Chinese workers paying the price for economic boom with their health


Whether China's claim that they are moving faster to reform the situation than any other country at this stage is debatable though every country has been through this. My father had an uncle who died when he was thirty years old after working in a battery factory in Philadelphia back before WWII. The toxic fumes killed him and others who were employed there.

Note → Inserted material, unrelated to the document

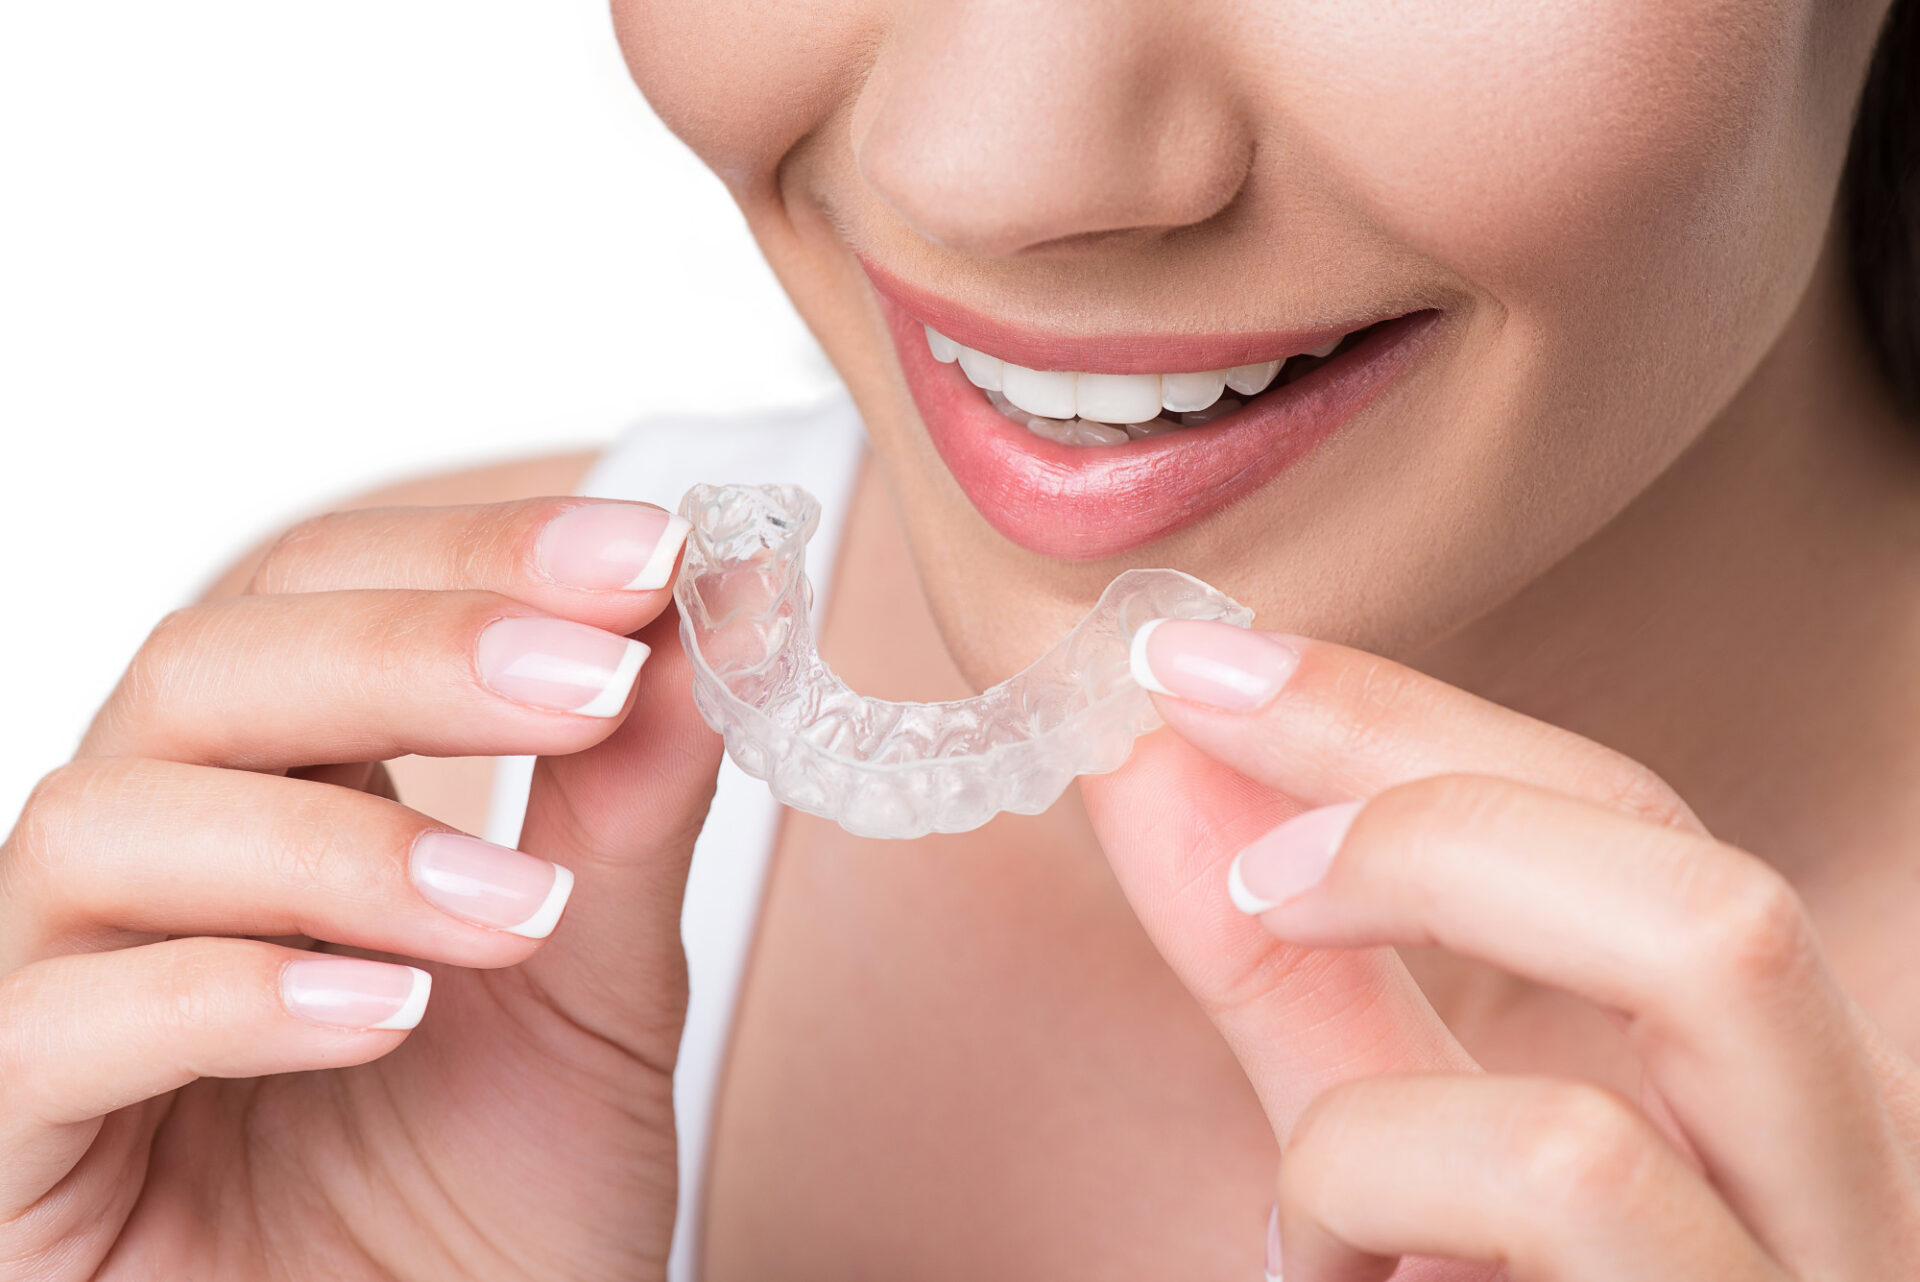 What Are Some Considerations When Wearing Invisalign Trays?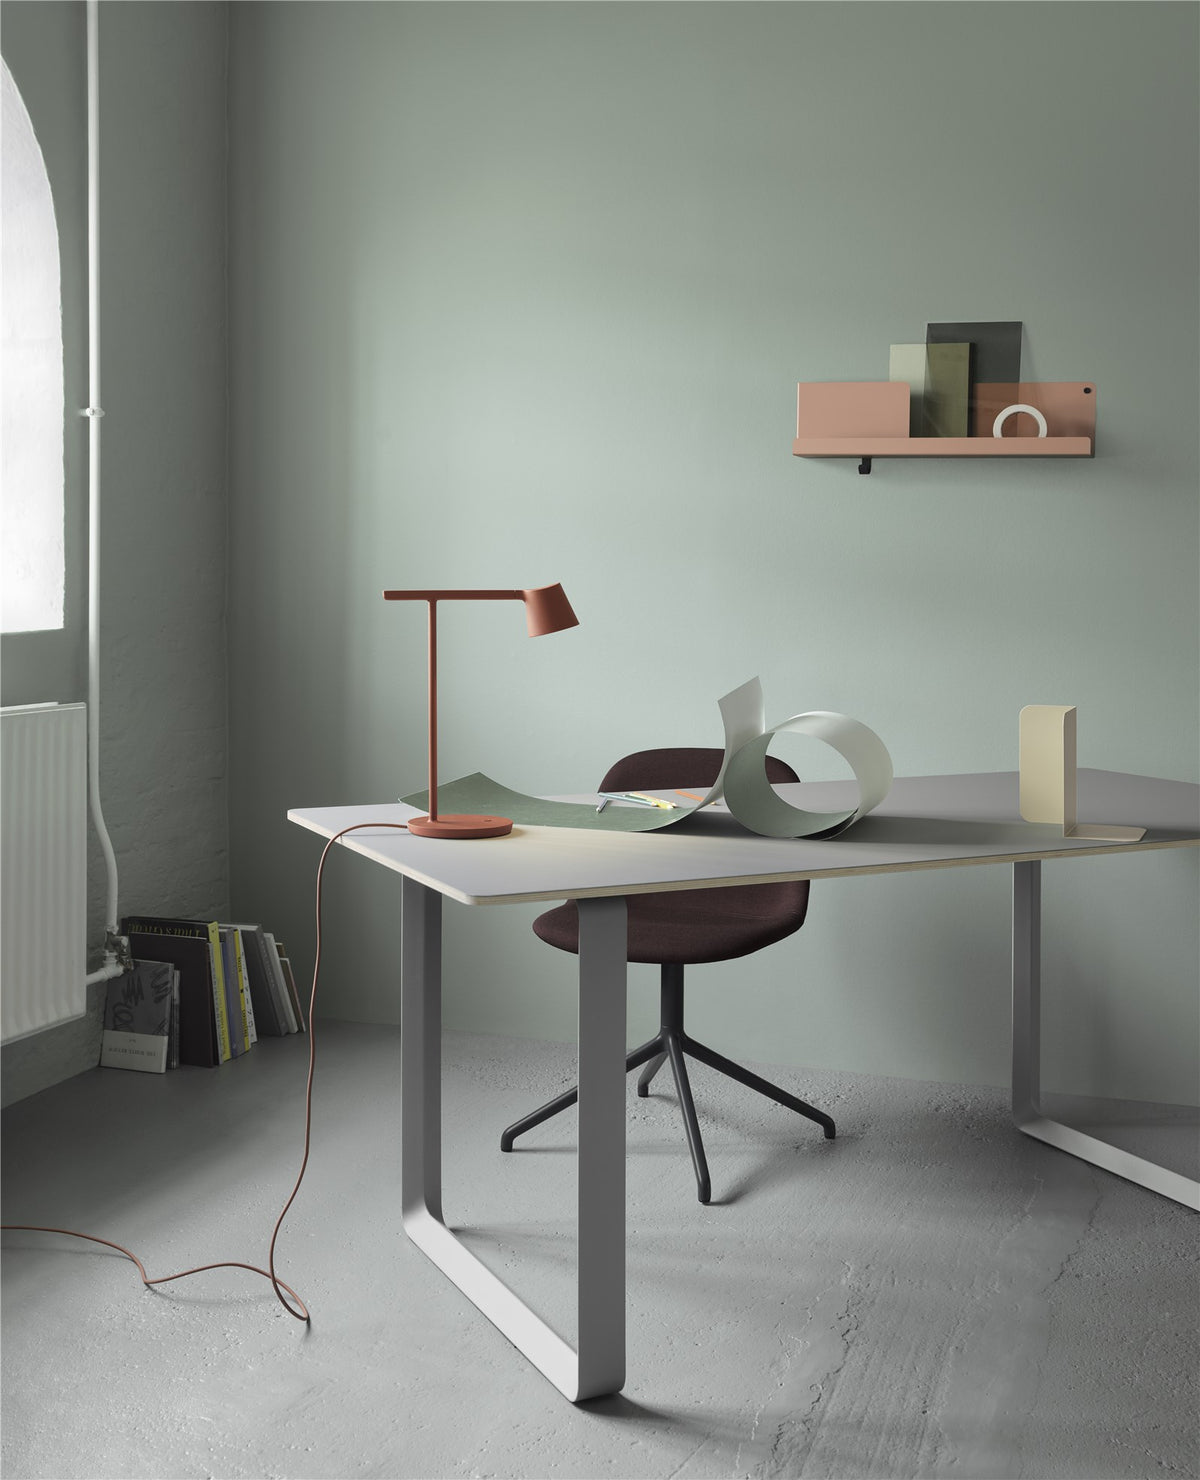 Tip Table Lamp by Muuto

Terribly sad story out of China these days and you have to wonder about the health care these workers are receiving.
Since last year, there has been an explosion of lead poisoning cases close to smelting plants. Studies have shown that communities that recycle electronic waste are exposed to cadmium, mercury and brominated flame retardants. Elsewhere, there have been protests against chemical factories that are blamed for carcinogens that enter water supplies and the food chain.

Nationwide, cancer rates have surged since the 1990s to become the nation's biggest killer. In 2007, the disease was responsible for one in five deaths, up 80% since the start of economic reforms 30 years earlier.

While the government insists it is cleaning up pollution far faster than other nations at a similar dirty stage of development, many toxic industries have simply been relocated to impoverished, poorly regulated rural areas.

Chinese farmers are almost four times more likely to die of liver cancer and twice as likely to die of stomach cancer than the global average, according to study commissioned by the World Bank. The domestic media is increasingly filled with reports of "cancer villages" - clusters of the disease near dirty factories.